Subrahmanyan Chandrasekhar

Most Popular

Lahore, British India
Birth Sign
Lahore, British India

Subrahmanyan Chandrasekhar was an Indian-American astronomer who shared the Nobel Prize in Physics with William A. Fowler for his mathematical theory of black holes. His work encompassed stellar structure, radiative transmission, white dwarfs, quantum theory, hydrodynamic stability, and mathematical theory of black holes, among others. Born in Lahore, Punjab, Chandrasekhar was expected to follow in his father’s footsteps and enter government service. Unexpectedly, the little child was drawn to science and scientific interests. Sir C. V. Raman, the youngster’s paternal uncle, had already made the country proud by winning the Nobel Prize for Physics. He was a brilliant student who won a Government of India scholarship to Cambridge. He became famous for the ‘Chandrasekhar Limit’. He preferred to be called Chandra.

Early Childhood of Subrahmanyan Chandrasekhar

Chandrasekhar was one of ten children born to Chandrasekhara Subrahmanya and Sitalakshmi in Punjab, India. His father was the Northwestern Railways Deputy Auditor General at the time.
As the eldest of four sons, he was expected to work for the government. Sir C. V. Raman, Chandra’s paternal uncle, inspired him to study science.

Between 1922 until 1925, he attended the Hindu High School in Madras. In 1925, he joined at Madras’ Presidency College, where he wrote his first article, ‘The Compton Scattering and the New Statistics’.
Following his B.SC. (Hon.) in Physics, he was offered a Government of India scholarship to study at Cambridge.

During his time in England, he grew fascinated by white dwarf stars. He began studying the degenerate electron gas in white dwarfs.
He went to the Royal Astronomical Society meetings and met Professor E.A. Milne. Max Born asked him to spend 1931 at the Born Institute at Gottingen.

After studying opacities and star photospheres at Born’s Institute, he spent his last year at the Institute for Theoretical Physics in Copenhagen.
In 1933, he received his PhD from Cambridge and was awarded a Prize Fellowship at Trinity College for 1933–37.

A Career of Subrahmanyan Chandrasekhar

In January 1937, Dr. Otto Struve and President Robert Maynard Hutchins recommended him as an Assistant Professor at the University of Chicago.
Chandrasekhar spent his entire career at the University of Chicago. Associate professor 1942, full professor 1944.

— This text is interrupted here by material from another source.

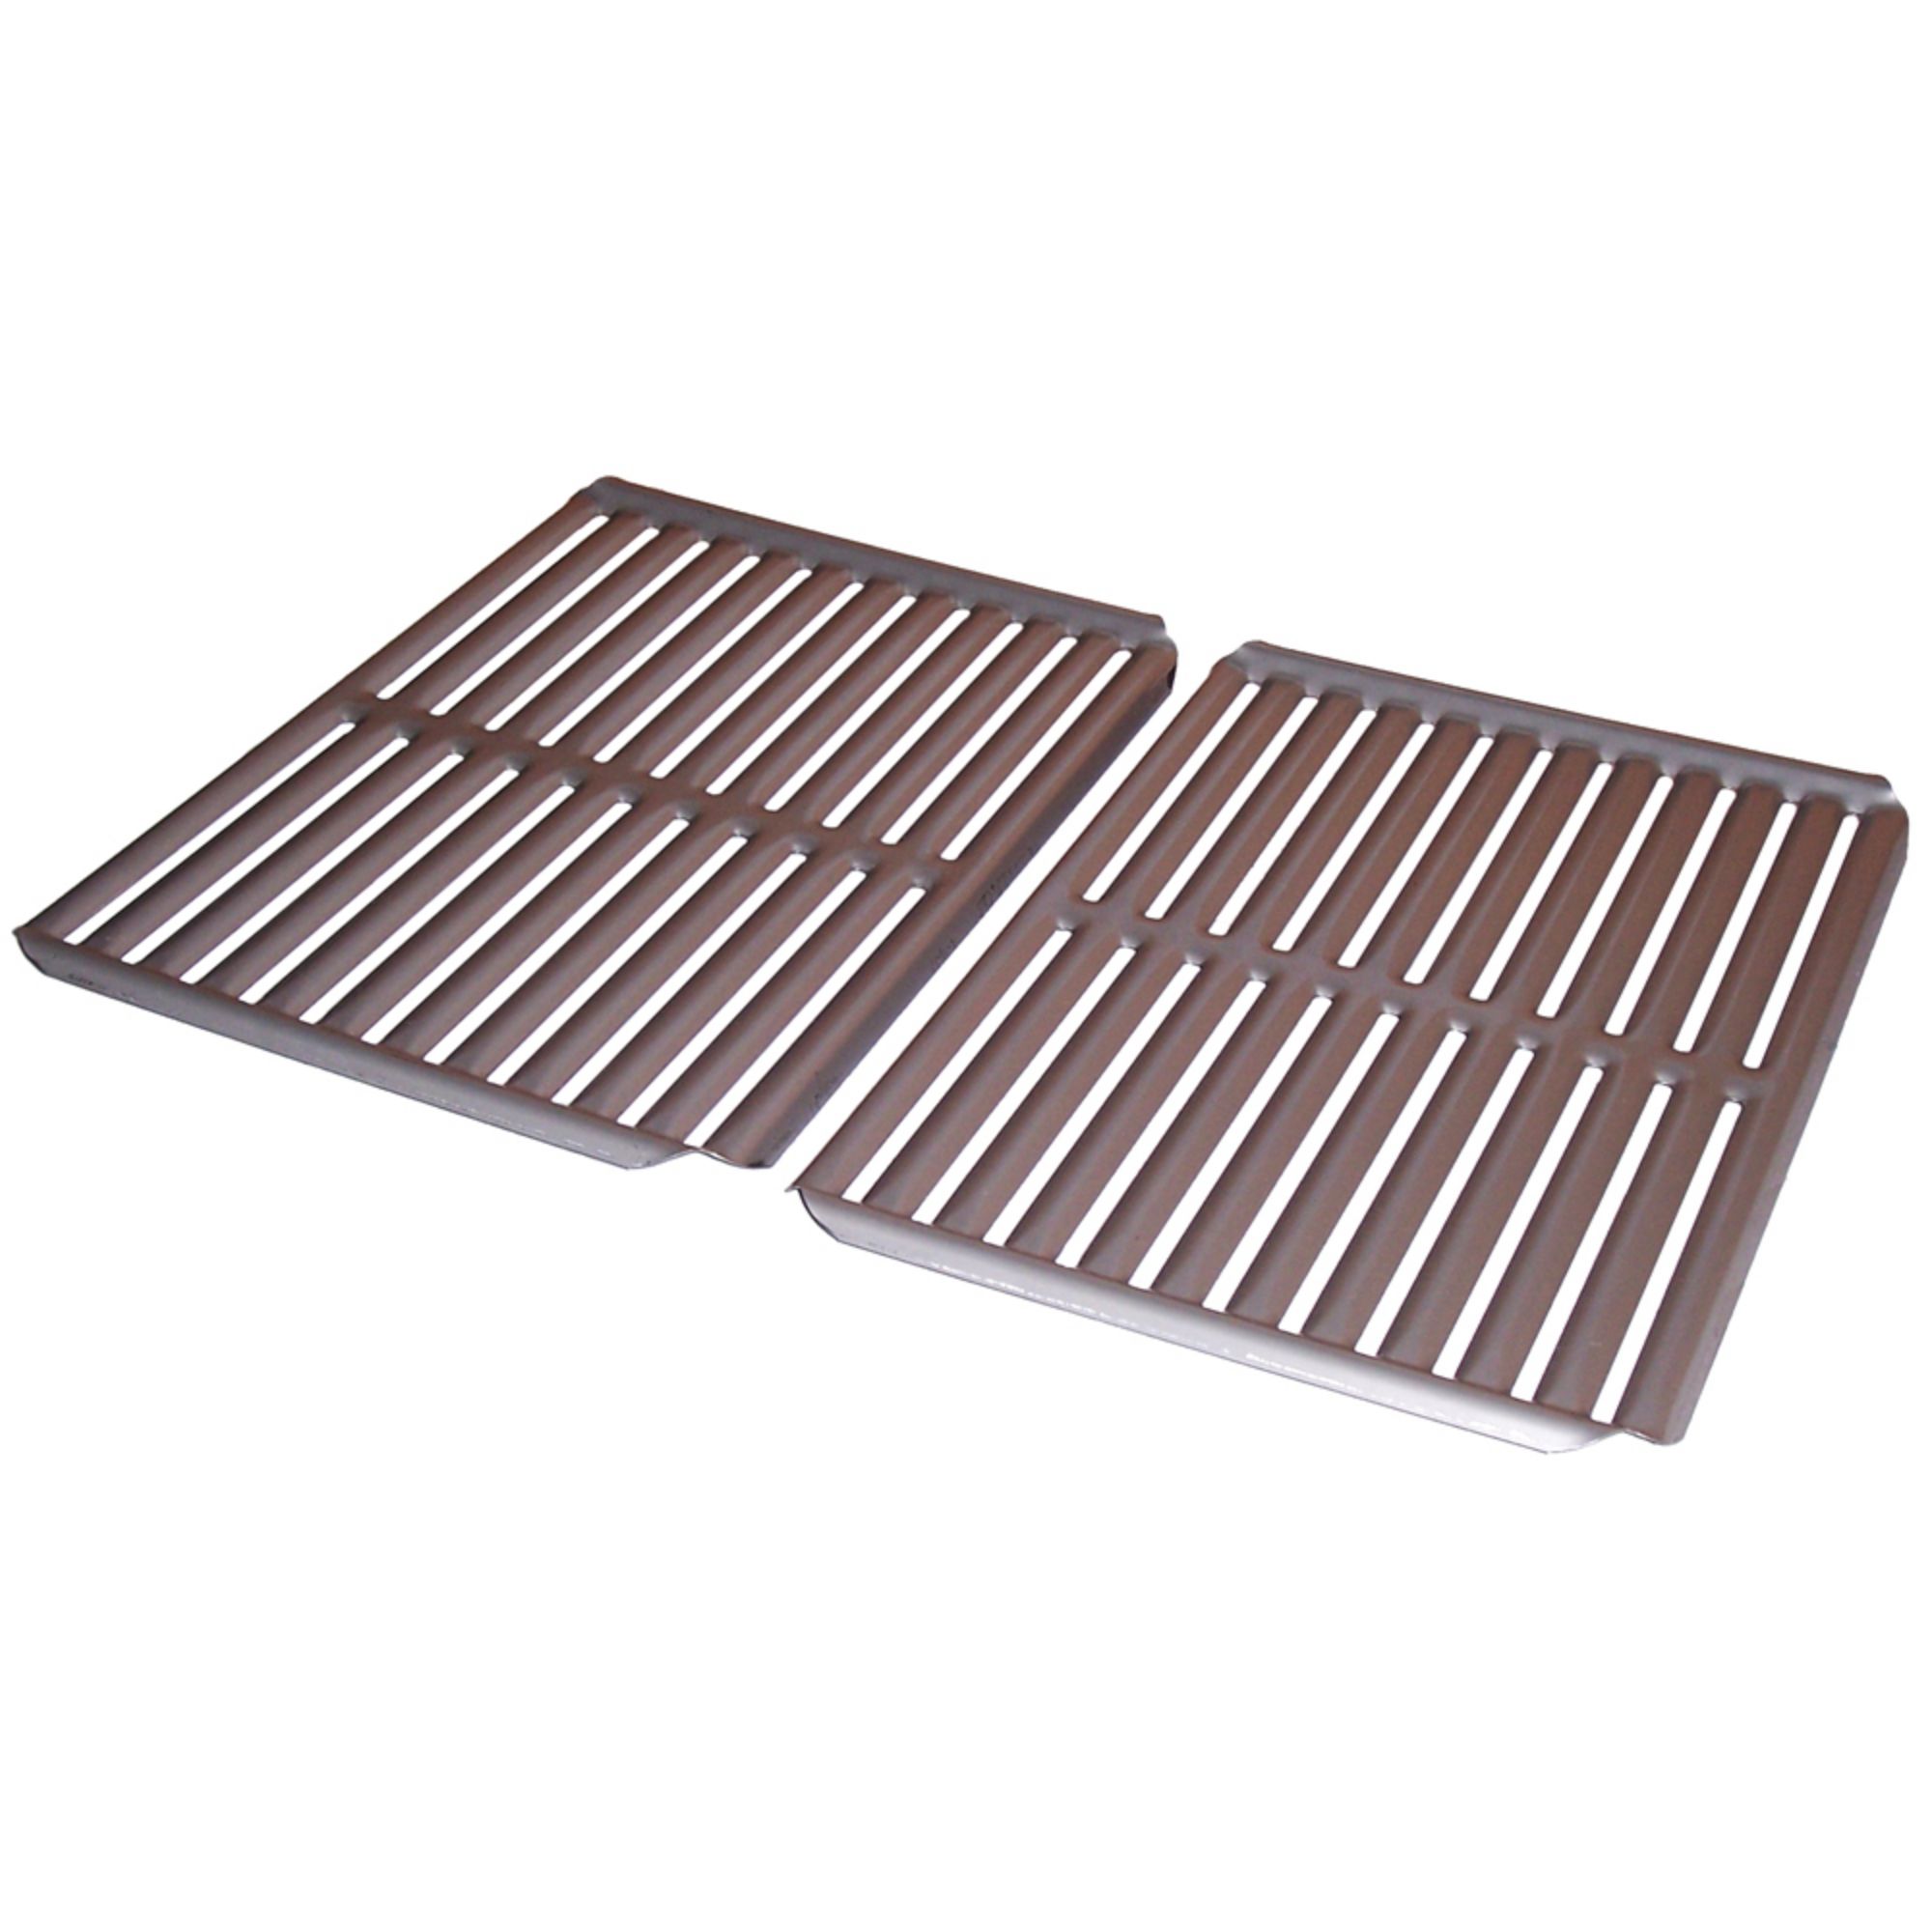 Stamped Stainless Steel Cooking Grid for Ducane Brand Gas Grills

He was named Distinguished Service Professor of Theoretical Astrophysics in 1947 and emeritus in 1985.
From 1952 to 1971, he was editor of ‘The Astrophysical Journal,’ which he turned into a National Journal of the American Astronomical Society.

During his career, he worked at the University of Chicago and then at NASA’s Laboratory for Astrophysics and Space Research.
Even in his final years, he was constantly busy pursuing new scientific goals. In 1990, he began working on a project on Sir Isaac Newton’s “Philosophiae Naturalis Principia Mathematica”.

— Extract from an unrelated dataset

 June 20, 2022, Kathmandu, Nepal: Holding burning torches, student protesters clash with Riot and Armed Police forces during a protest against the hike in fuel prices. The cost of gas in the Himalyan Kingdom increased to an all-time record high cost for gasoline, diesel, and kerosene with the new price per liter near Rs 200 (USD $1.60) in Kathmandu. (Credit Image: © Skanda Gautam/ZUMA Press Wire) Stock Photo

Grandiose of Subrahmanyan Chandrasekhar

With his ‘Chandrasekhar Limit’ discovery, he established that there is a maximum mass that can be held against gravity by electrons and nuclei pressure. The most astonishing part is that he made this discovery while still a student.

Honors & Awards

In 1968, he was awarded the Padma Vibushan, India’s second highest civilian accolade, for his outstanding contributions to science.
He shared the 1983 Nobel Prize in Physics with William A. Fowler for his work on star structure and evolution. It bothered him because it only addressed his early efforts and not his subsequent ones.

Personal Legacy of Subrahmanyan Chandrasekhar

He met Lalitha Doraiswamy at Madras’ Presidency College and the two had a close friendship that grew into love. They married in September 1936 and had a long and happy marriage. They had no kids.
He died of a heart attack in 1995, leaving his long-time wife.

Estimated Net Worth

Subrahmanyan Chandrasekhar’s net worth is believed to be between $1 and $7 million. His principal work as a Physicist has made him quite wealthy.